**Data block:**
§

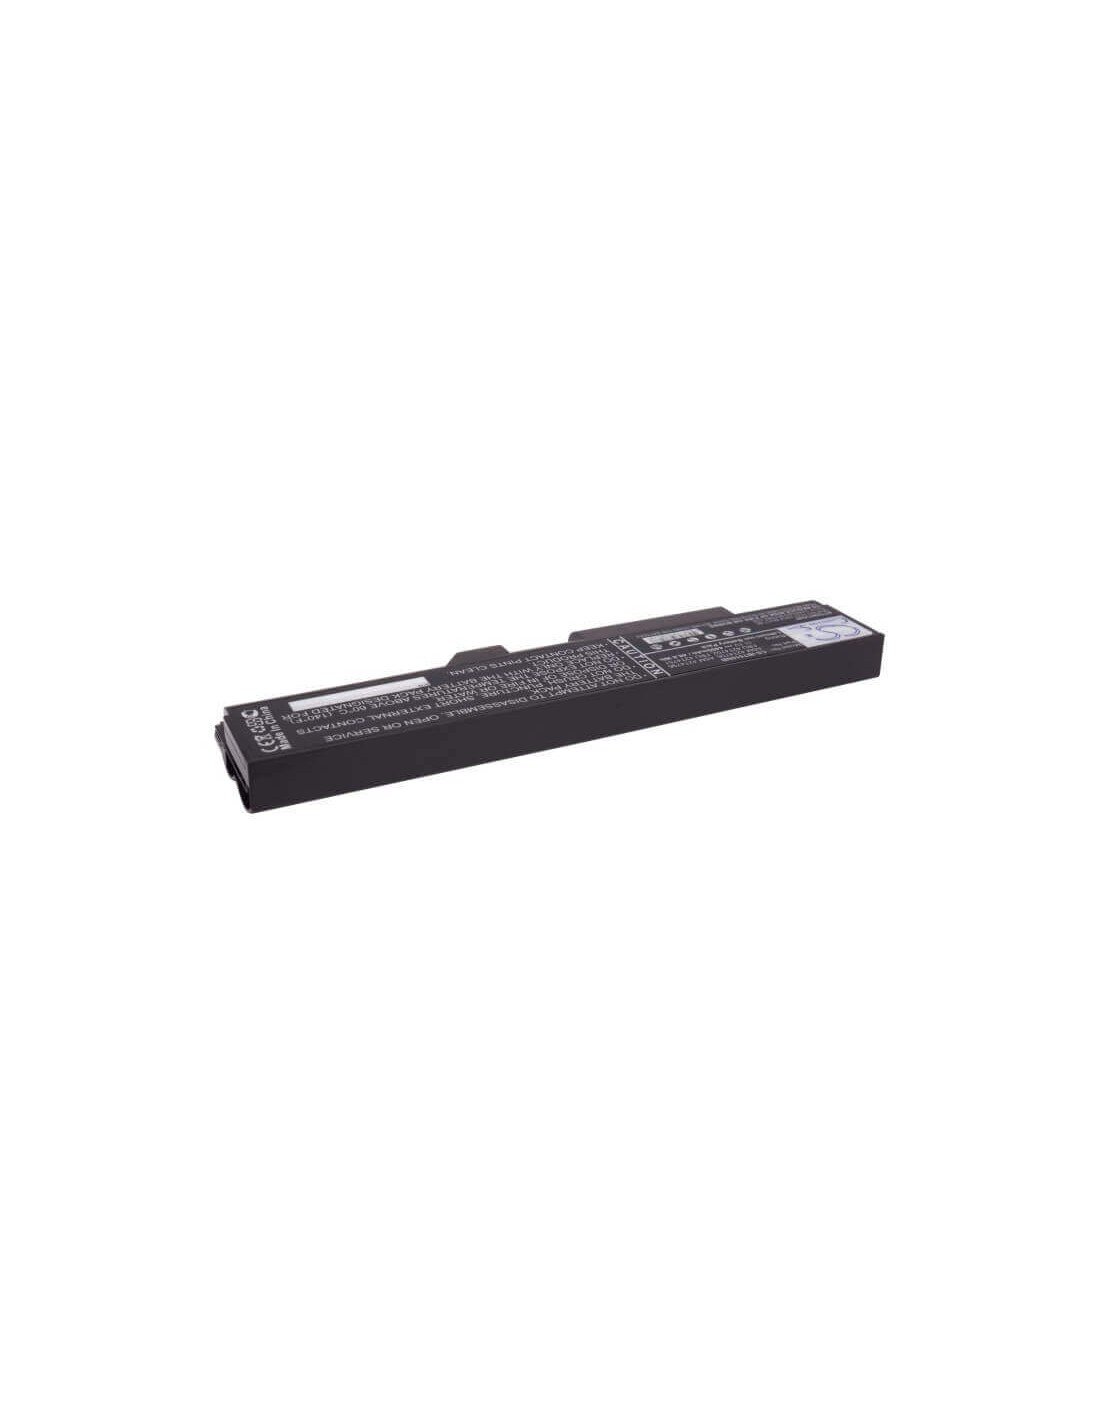 Black Battery for Lenovo Thinkpad E40, Thinkpad E50, Thinkpad Edge 0578-47b 11.1V, 4400mAh - 48.84Wh
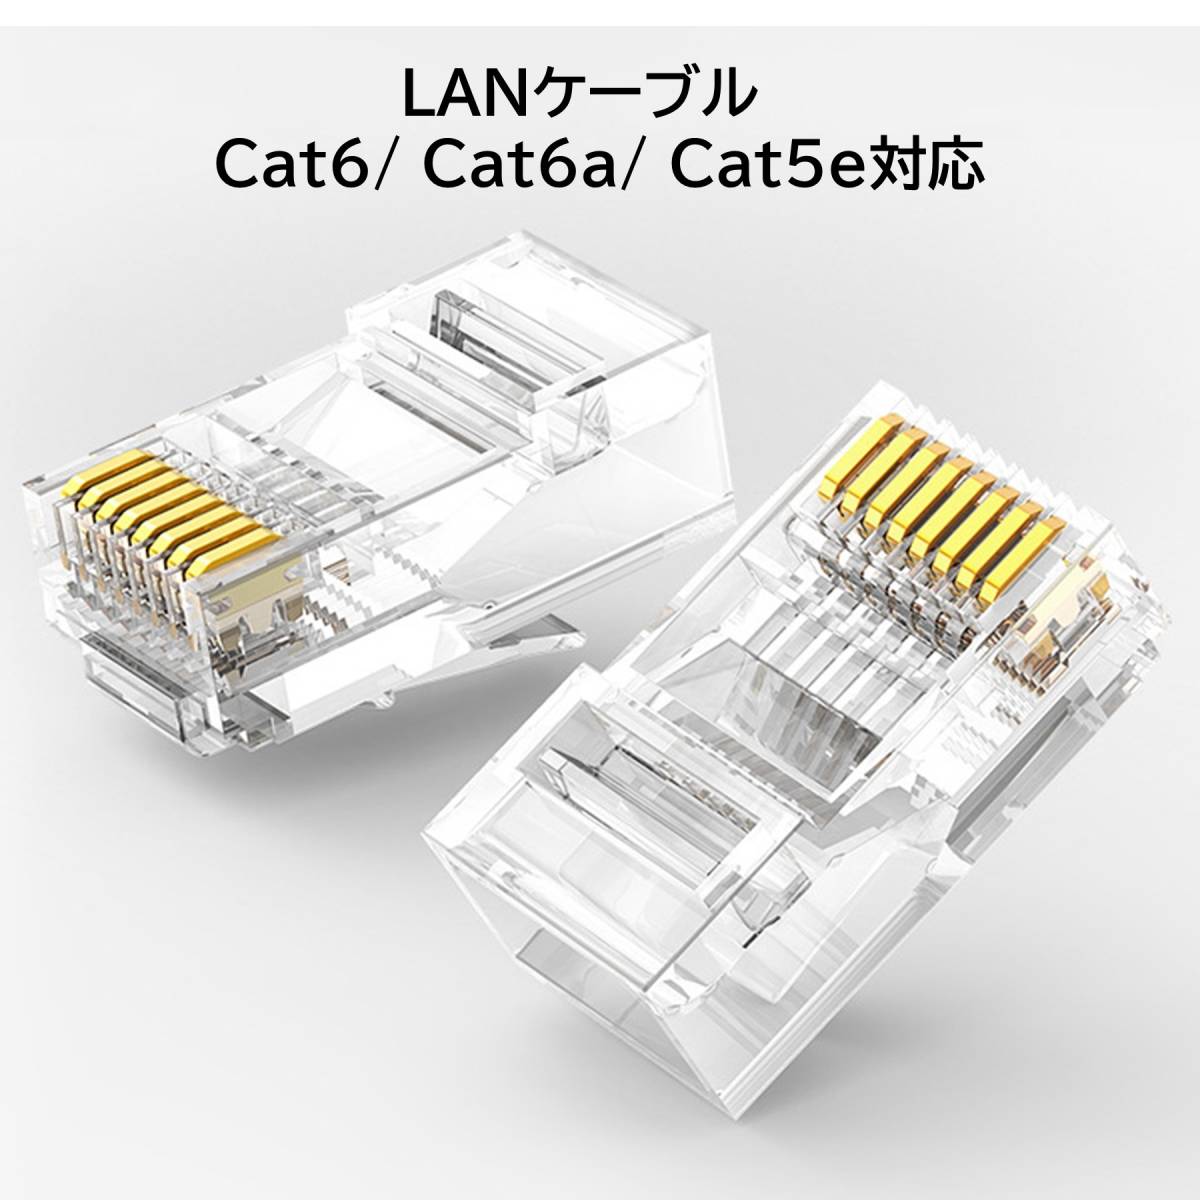  LANケーブル コネクタ 100個入り lanコネクタ RJ45 Cat6 Cat5e対応 非貫通型 簡単取付 爪折れにくい 単線ヨリ線対応 100個 (100個入り)_画像2
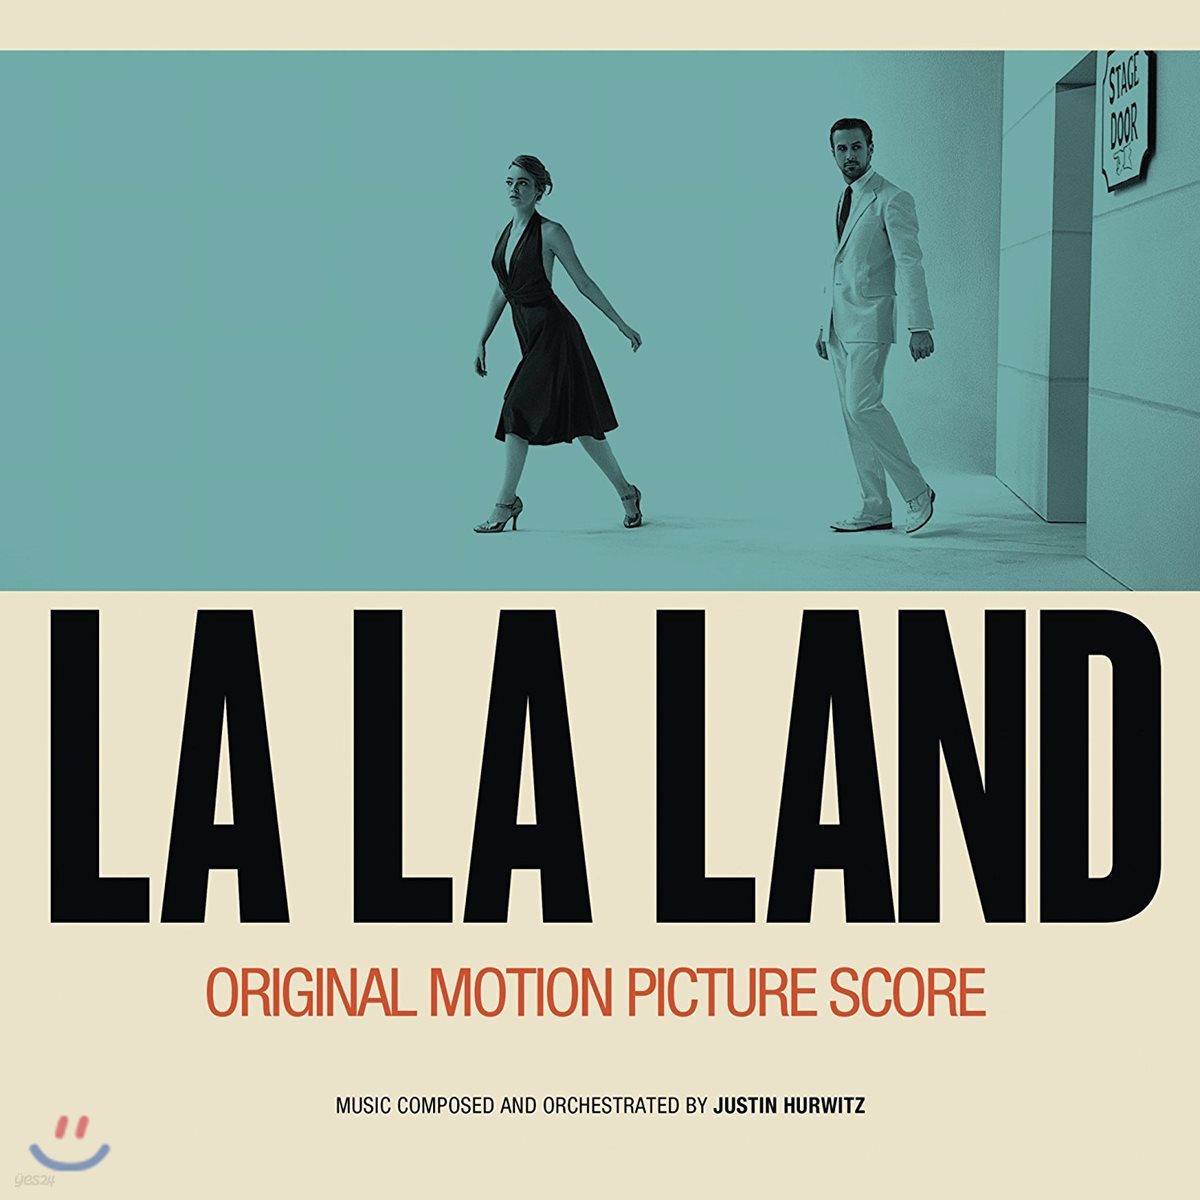 라라랜드 뮤지컬 영화 스코어 음반 (La La Land Score Album OST by Justin Hurwitz 저스틴 허위츠) [2LP]
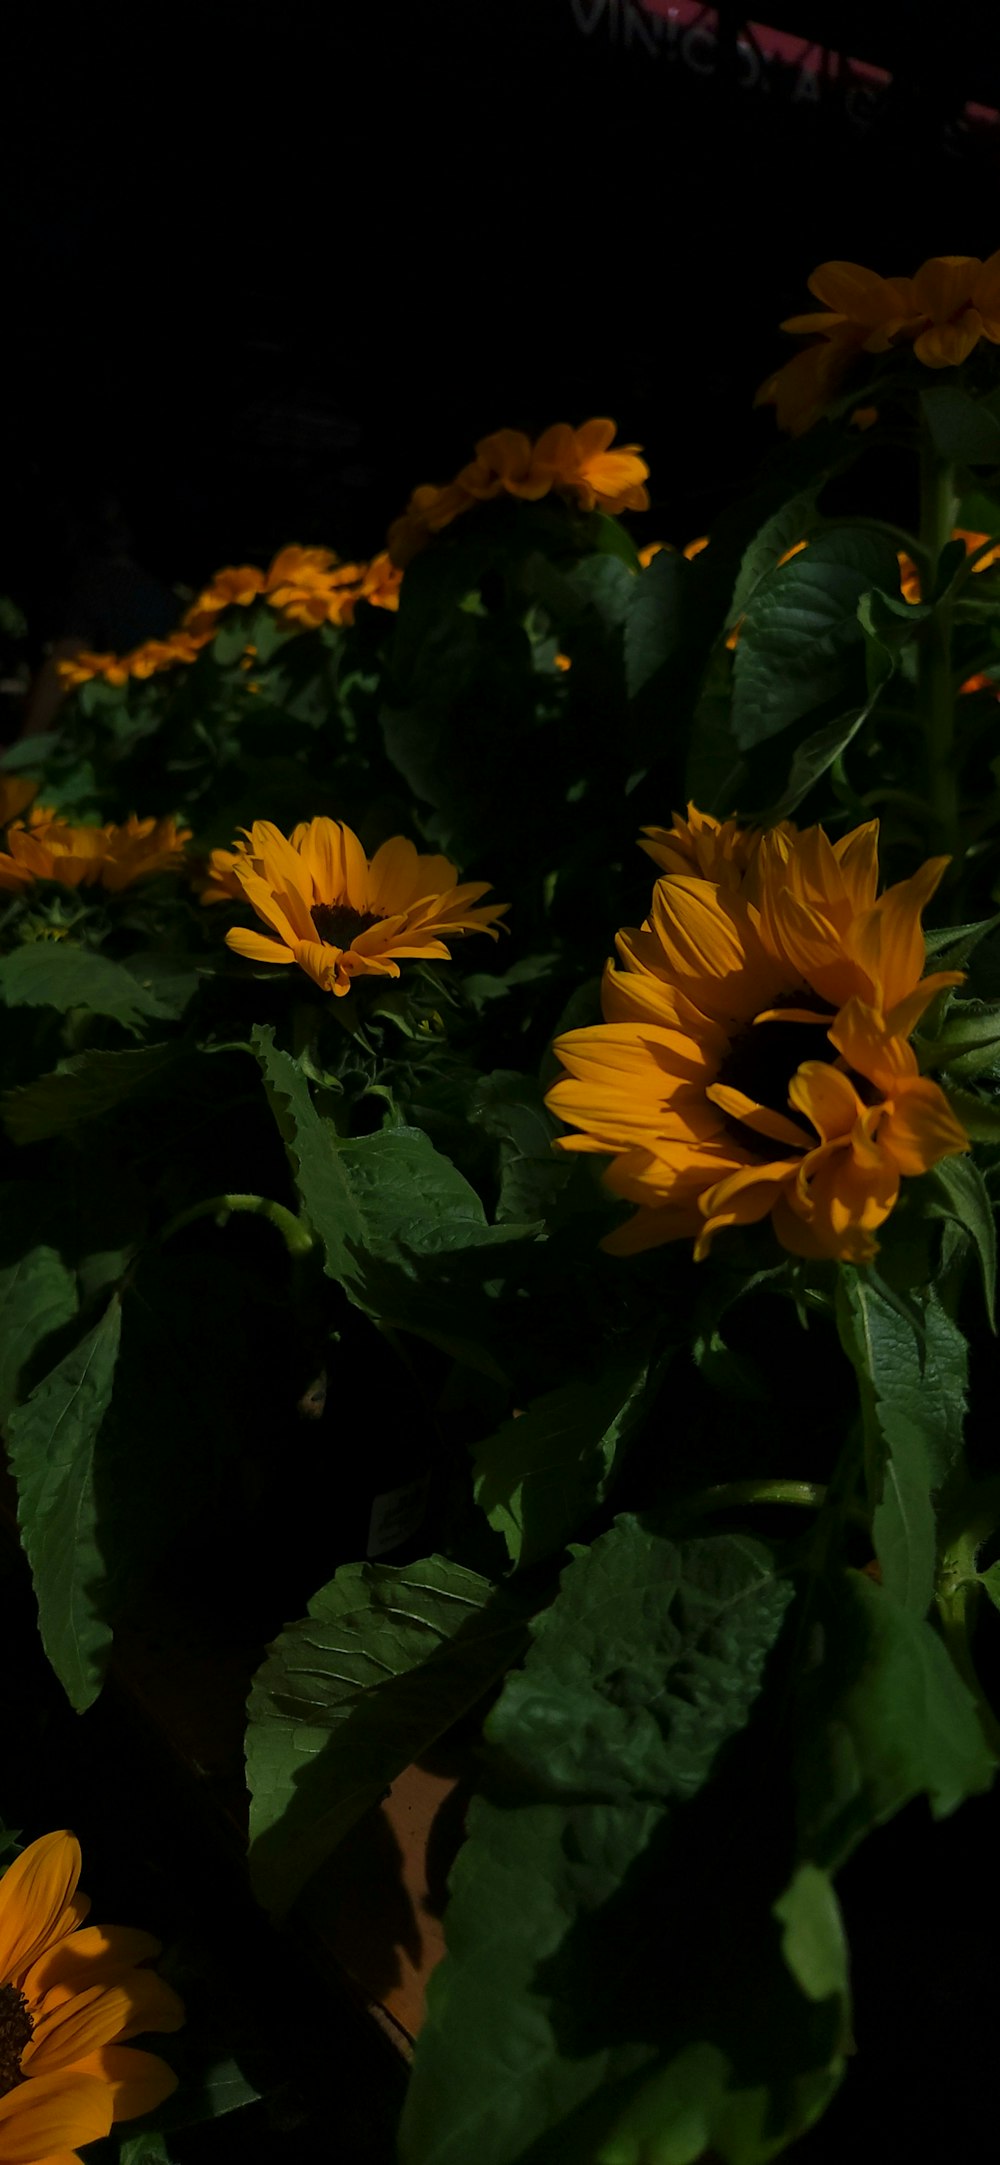 黄色い花のグループ

§

Transcribe the full listing above exactly as it stands, minus the pictures.

 Black Battery for Lenovo Thinkpad E40, Thinkpad E50, Thinkpad Edge 0578-47b 11.1V, 4400mAh - 48.84Wh
  LANケーブル コネクタ 100個入り lanコネクタ RJ45 Cat6 Cat5e対応 非貫通型 簡単取付 爪折れにくい 単線ヨリ線対応 100個 (100個入り)_画像2
 라라랜드 뮤지컬 영화 스코어 음반 (La La Land Score Album OST by Justin Hurwitz 저스틴 허위츠) [2LP]
 黄色い花のグループ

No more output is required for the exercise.